Experte für Extremitäten-Frakturen Experte für Extremitäten-Frakturen: Besondere Methoden des ersten Zeitzer Chefarztes

Zeitz - Die Geschichte des Zeitzer Krankenhauses reicht weit zurück. Und es war ein Zeitzer Chefarzt, der eine besondere Behandlungsmethode entwickelte. Aus aktuellem Anlass noch einmal der Blick in die Geschichte und eine Erinnerung an den ersten Chefarzt in Zeitz, Richard Poelchen.
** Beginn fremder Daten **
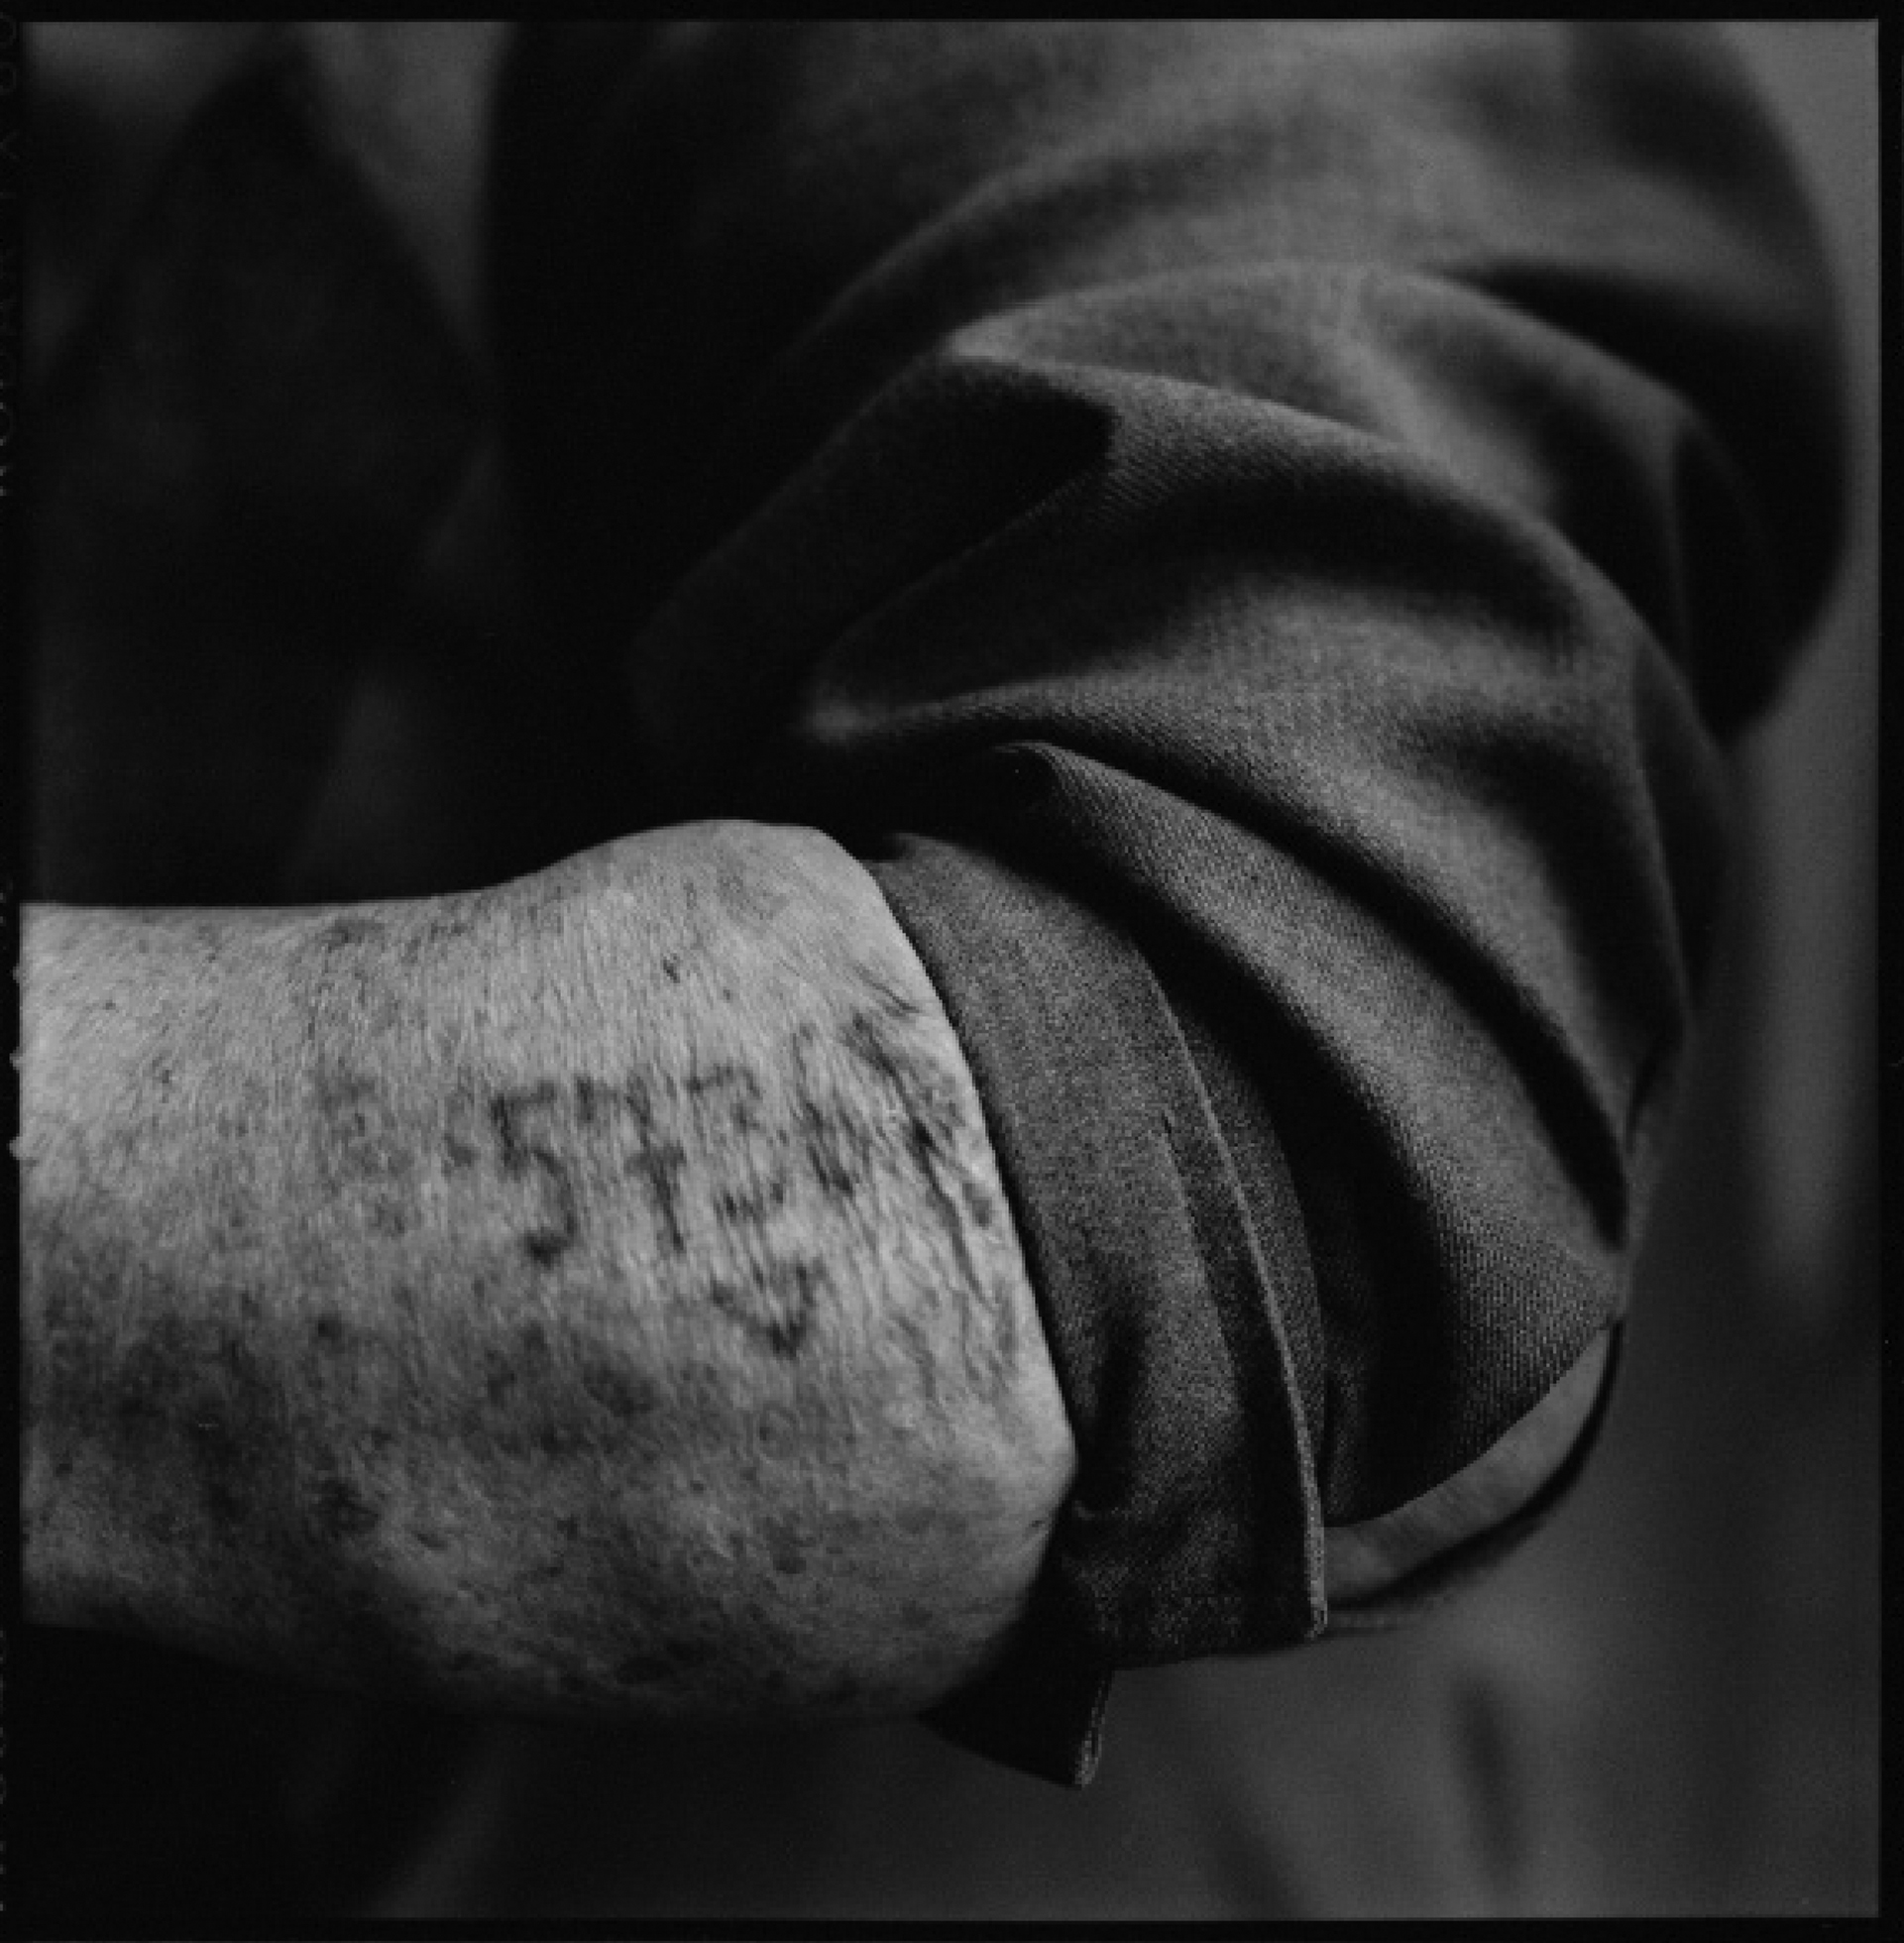 A Holocaust survivor’s left forearm with a tattoo that reads “57365.”

Mit dem am 18. August 1855 im hinterpommerschen Kolbergermünde (heute Kolberg) geborenen Poelchen beginnt nämlich nicht nur die Geschichte des am 30. Oktober 1890 eingeweihten Zeitzer Krankenhauses in der Röntgenstraße, das er ohne Unterbrechung bis Ende 1923 als Chefarzt leitete.
Virchow als Lehrer
Rudolf Virchows unmissverständlicher wie rationaler Leitspruch „Bewegung ist das Leben, Ruhe ist der Tod.“ sollte zeitlebens das Wirken eines Mannes bestimmen, der als sein Schüler ebenso ein Wegbereiter der modernen und an naturwissenschaftlichen Kriterien orientierten Medizin sowie Förderer einer staatlichen Gesundheitsvorsorge wurde. Die sogenannte „Poelchen-Behandlung“ oder auch „Poelchen-Methode“ machte ihn weit über Zeitz hinaus bekannt und berühmt. Dennoch ist sein Wirken weitestgehend in Vergessenheit geraten. Die Rede ist von Richard Poelchen, dem ersten Chefarzt des Zeitzer Krankenhauses.
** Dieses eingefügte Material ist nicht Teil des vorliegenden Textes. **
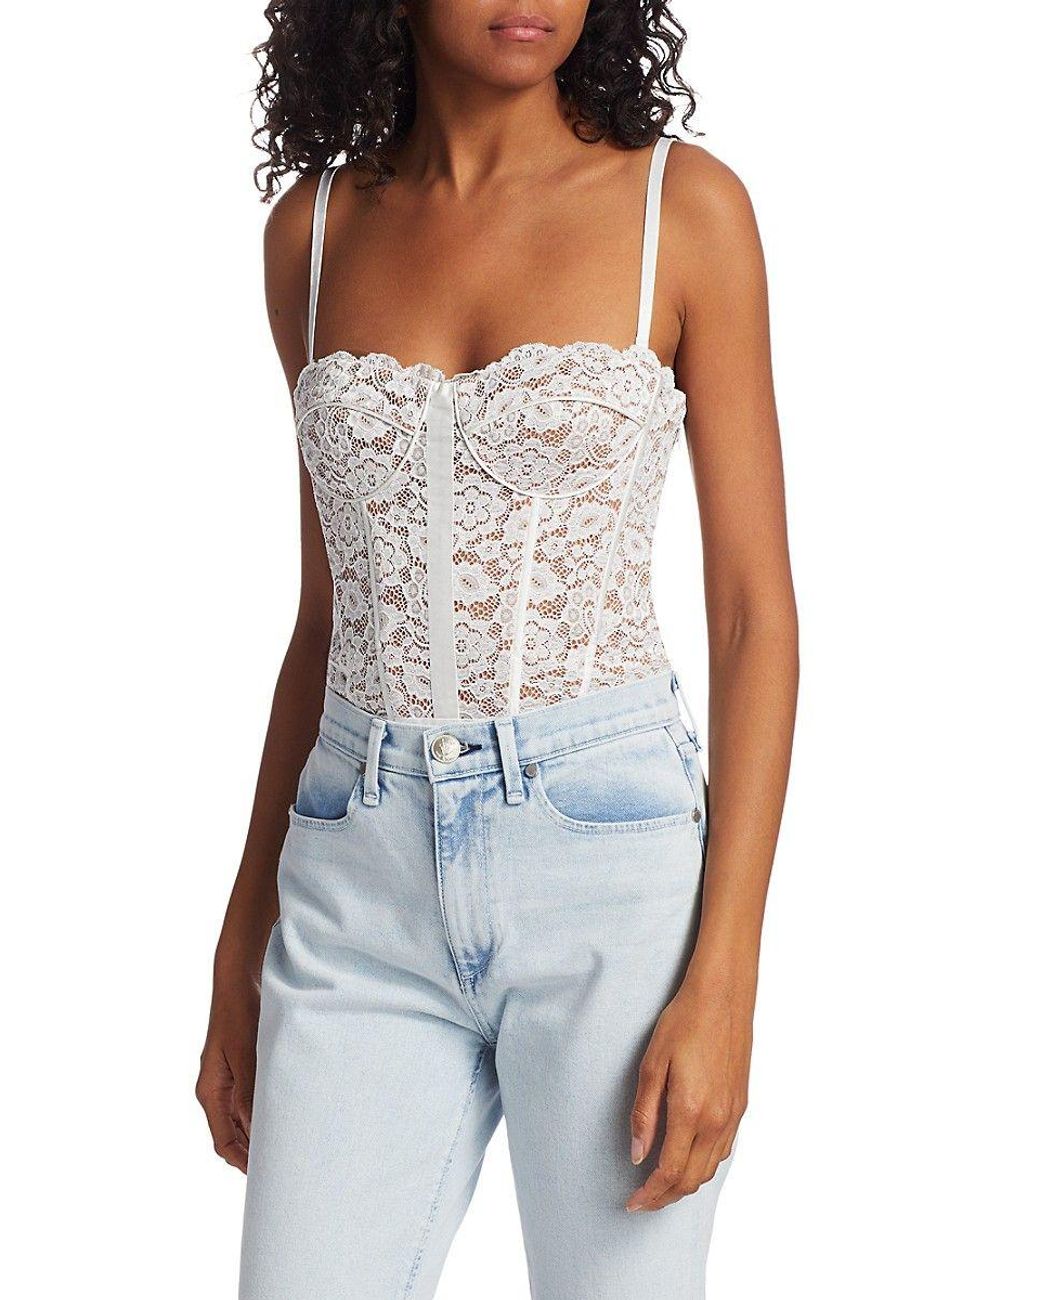 Cami NYC The Bria Lace Bodysuit in Blue

An der chirurgischen Nebenabteilung der Berliner Charité führte 1878, dem Jahr vor seiner Promotion zum Thema „Die Fascien der Axelhöhle“, ein Erlebnis zu weitreichenden Folgen für ihn und seine medizinische Laufbahn.
„Passion für Behandlung der Extremitäten-Frakturen“
Die dort vom leitenden Oberstabsarzt Paul Starcke praktizierte ungewöhnliche Art der Knochenbehandlung, nämlich die rein funktionelle Frakturbehandlung, wurde zum Schlüsselerlebnis, die, wie er über 60 Jahre später in der Rückschau zusammenfasste, „bei ihm eine nie erloschene Passion für Behandlung der Extremitäten-Frakturen auslöste“. Ein Bruch beider Unterschenkelknochen heilte bei einem Fleischerlehrling ohne Anwendung eines feststellenden Verbandes.
Poelchen erfuhr von Starcke, dass diese Behandlungsmethode während des Deutsch-Französischen Krieges 1870/71 in den Lazaretten von Metz vom Kieler Chirurgen Friedrich von Esmarch (1823-1908) wegen der dortigen Umstände praktiziert worden war. Aufgrund der massenhaften Häufung von verletzten Soldaten mit Frakturen konnte oftmals kein Gipsverband angelegt werden.
Zumeist blieb es bei der reinen Lagerung des Verletzten
Zumeist blieb es bei der reinen Lagerung des Verletzten. Diese auf den ersten Blick nur ungenügend behandelten Frakturen wiesen anhand von Langzeituntersuchungen häufig jedoch bessere funktionelle Ergebnisse auf als die Gipsbehandlung, weshalb Poelchen sich intensiv der frühfunktionellen Behandlung von Knochenbrüchen widmete.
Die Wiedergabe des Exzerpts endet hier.